# [Problem details]
Transcribe exactly the lines below that begin at the line with "Hands holding a" and stop after the line with "MAK Energy Ltd", leaving out every picture.

Supplied records below:

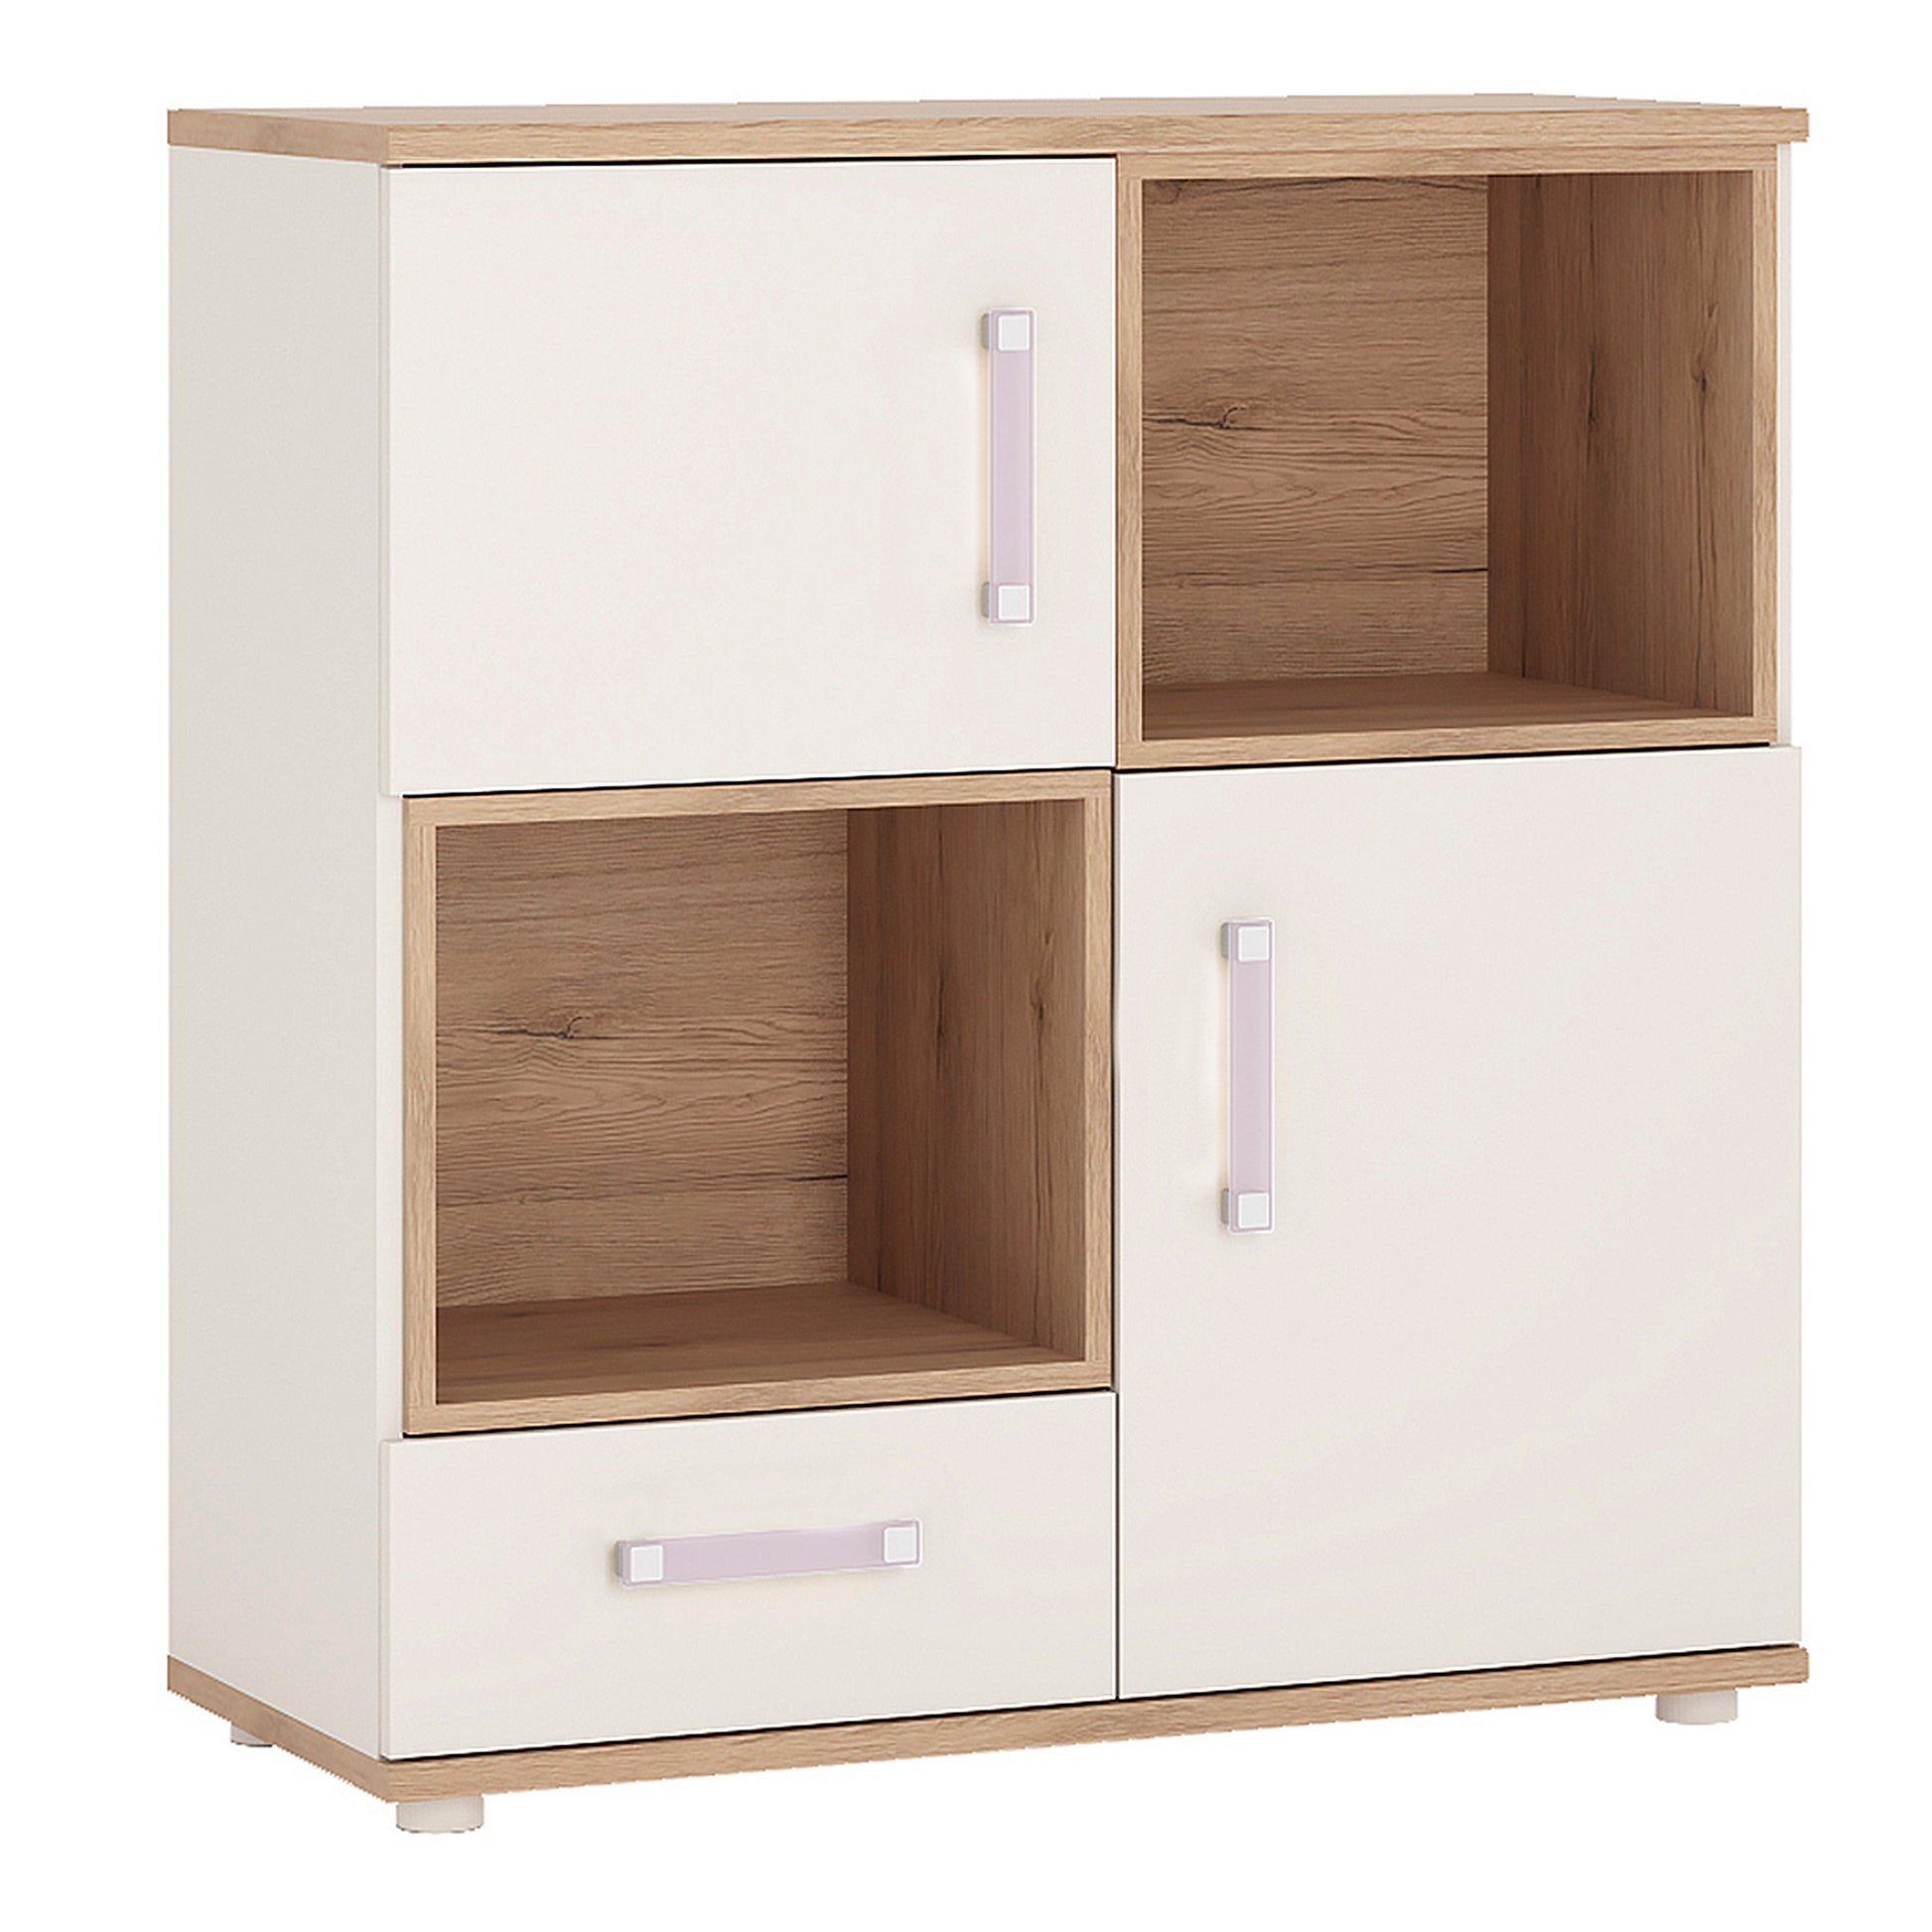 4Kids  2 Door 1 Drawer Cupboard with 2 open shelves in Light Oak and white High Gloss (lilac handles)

End of Supplied records.
Supplied records below:

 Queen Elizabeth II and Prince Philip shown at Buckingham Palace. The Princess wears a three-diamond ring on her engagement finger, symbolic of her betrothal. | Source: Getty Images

End of Supplied records.
Supplied records below:

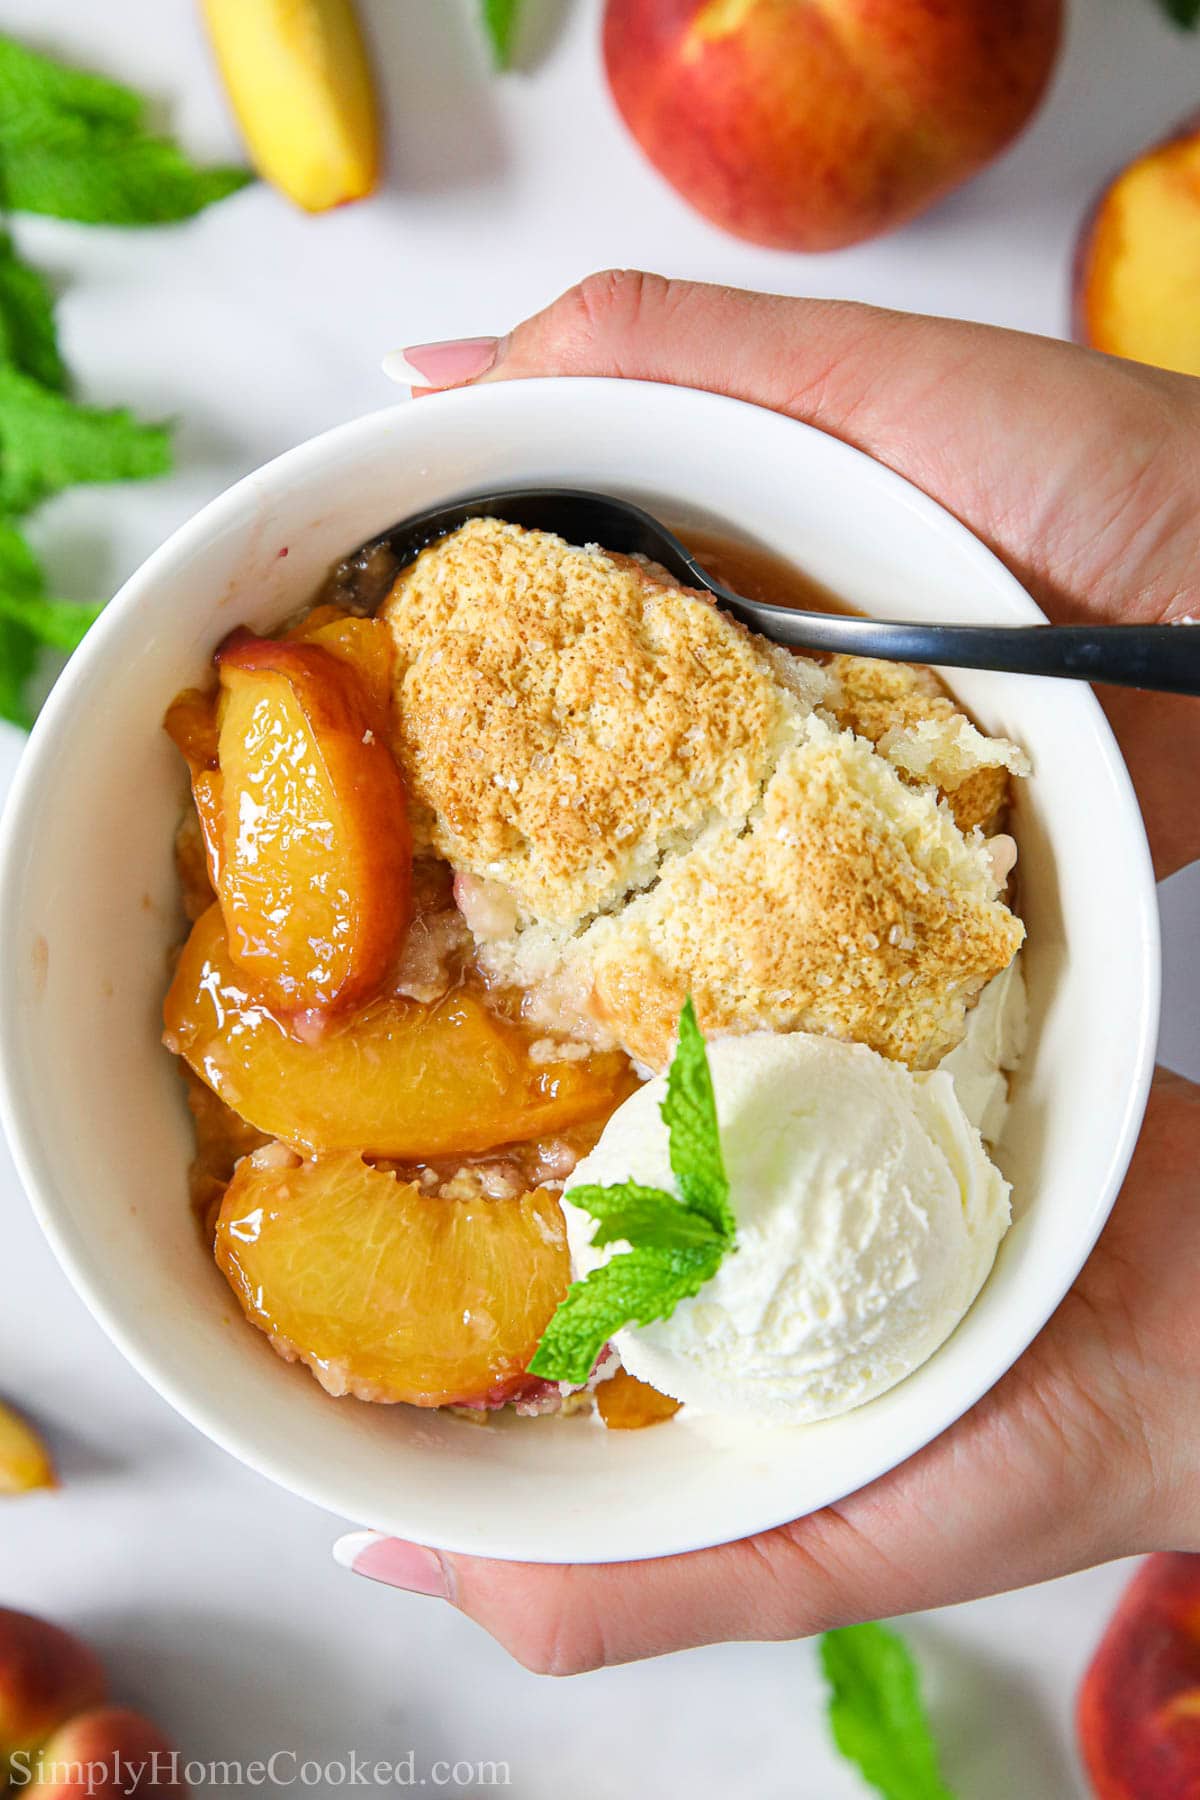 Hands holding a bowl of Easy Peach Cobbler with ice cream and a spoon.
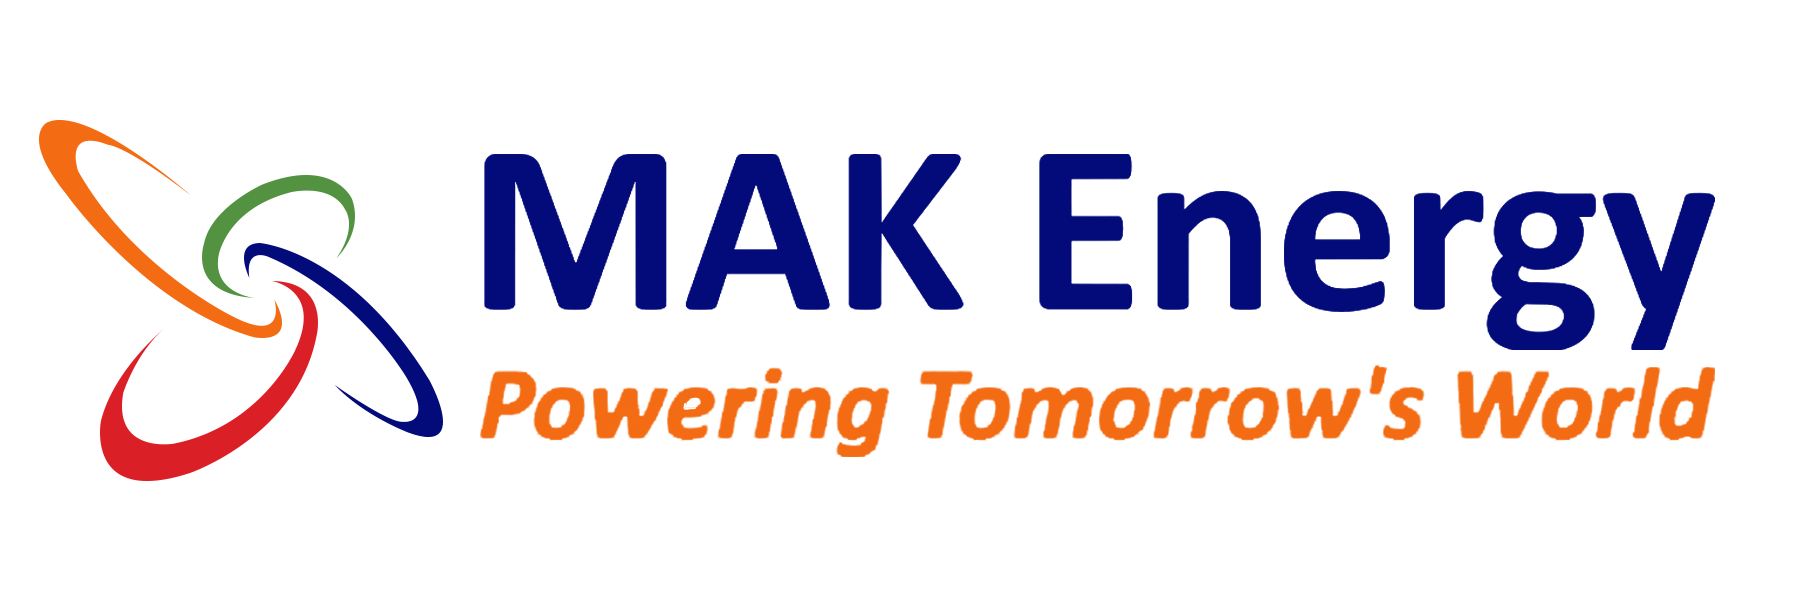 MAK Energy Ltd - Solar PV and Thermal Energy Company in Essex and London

End of Supplied records.

# [Finished task]
 Hands holding a bowl of Easy Peach Cobbler with ice cream and a spoon.
 MAK Energy Ltd - Solar PV and Thermal Energy Company in Essex and London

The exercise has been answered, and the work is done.